A more recent publication by Wang et al. [16] in 2022 pinpoints one of the gaps mentioned in education. In this article, the researchers acknowledge that current research on the visualization of education big data lacks relevant theoretical guidance, systematic sorting, and is limited on the design of informatization platforms based on the visualization of education big data. Our paper directly aims to encourage improvement in the areas of implementation of educational data visualization as mentioned in [16] and actively attempts to address the design of educational informatics platforms based on the visualization of education data. Our approach will be beneficial for the institutional administrators as it will assist them with making data-driven decisions for institutional or organizational improvement.

As data-driven decision making has become an area of focus in education, it is important to discuss the impact of visualization and machine learning algorithms in the education domain. It is reasonable to assume that the more data leads to more complexity. Recently, Llaha and Aliu [17] discussed the application of data visualization and machine learning algorithms for better decision making in criminology. However similar approaches can be taken in education for decision making at any level. Williamson [18] discusses cases that employ models and different implementations facilitating predictive analytics as well as increased levels of interactive use. By taking advantage of available resources, multiple uses can be found that are highly suited to an educational agency’s advancement in governance, data visualization, predictive analytics, and advance ‘real-time’ strategies while safeguarding security.

Artificial intelligence exposes vulnerabilities in data security while visualization displays the degree. Therefore, sensitivity becomes a factor in displaying information. How sensitive will depend on the investment value leading to bias and ethical issues. Programmatically influence is injected through lenses of perceived relevance of data or stakeholder investment values. The appropriate approach to implementing ML and visualization must at some point consider ethics and biases [19]. Although the purpose of AI and MLAs is to allow automated learning and prediction, biases and challenges in ethics do creep in. In the article authored by Akgun and Greenhow [20] the authors assess ethical challenges and propose means of addressing them while introducing useful resources to that end.

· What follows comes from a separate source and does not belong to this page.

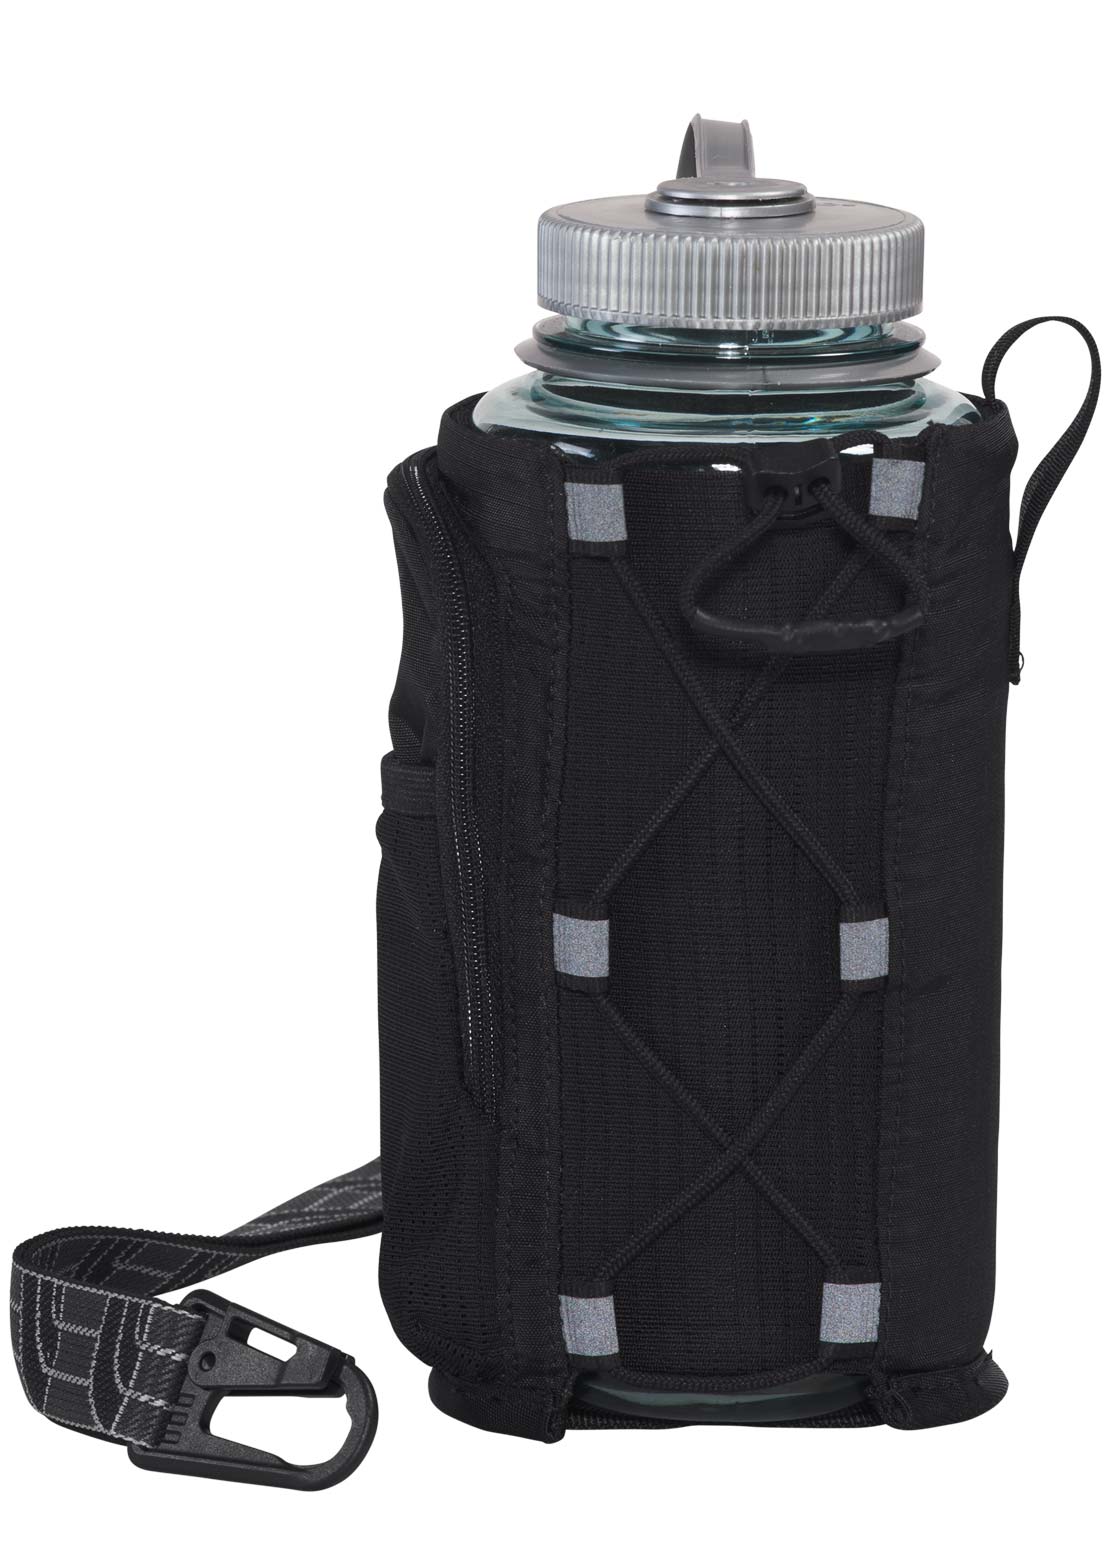 The North Face Borealis Water Bottle Holder TNF Black/TNF Black

Overall the previous works discussed several valid approaches to different concepts in visualization, machine learning and educational practices. However, they did not fully address the gap found in creating and demonstrating cost-effective in-house approach for education agencies. This is an important area of concern for institutions since the majority of their budgets tend to rely heavily on public funds and government allotments. Solutions that are replicable, cost-effective, and maintainable provide the best functionality for these institutions. While being cost-effective it also ensures data safety or ethics required by these institutions remain as internal as the delivery tactics chosen and are directly controlled by their delivery processes, not by contracts from external agencies. Since data sharing agreements and software usage rights at times contain clauses for rights, we eliminate that issue by delivering in-house builds. In this paper, we provide an implementable solution for addressing this need when funds are non-existent for subscription-based products like Power BI and others.

3. Methods

This section provides a brief overview of our proposed data visualization and machine learning approach and its application on the k-12 assessment data.

3.1. Dataset

In this paper, we have used GeoJSON map files and end-of-year state assessment data for the State of Texas and Louisiana as shown in Figure 1 and Table 1. Map files used housed the geolocations and coordinates of the districts observed within the state of Texas. These data points were used to create the district comparisons and interactive map models for our research. There was a total of three map files including the comprehensive district data file retrieved from the Texas Education Agency Public Open Data Site. The end-of-year state assessment data is obtained from publicly available sources, including the State of Texas Education Agency for students assessed in Texas, the State of Louisiana, and the National Center for Education Statistics (NCES) [21,22,23,24].

The education assessment data STAAR [21] is the publicly available data available on the Texas Education Agency (TEA) website containing district level data of third grade reading performance results from assessment years 2017–2022. Table 1 shows the descriptive statistics of the data from Texas. Each of these datasets contains information about the district, school, class, session of the year, test type and then percentage of students meeting the proficiency level or not. This data provides an assessment of overall students within the school in district of the state. Texas state assessment data comprised of 1152 districts. Some districts lack grade-level data for specific years either because the grade level was not tested in that particular year, or the district was not actively operational during that time. This data spans approximately five years of tracking and comprises a combination of numerical and textual results. Since the data is not treated, there will be a need to quantify and preprocess before using in any of the models designed. Ingestion of data points collected included demographic data, test results, dates and location data. Map files used for this research are in geojson format and specify location-based features of the districts as well as the relative geometric shape boundary of those districts and states.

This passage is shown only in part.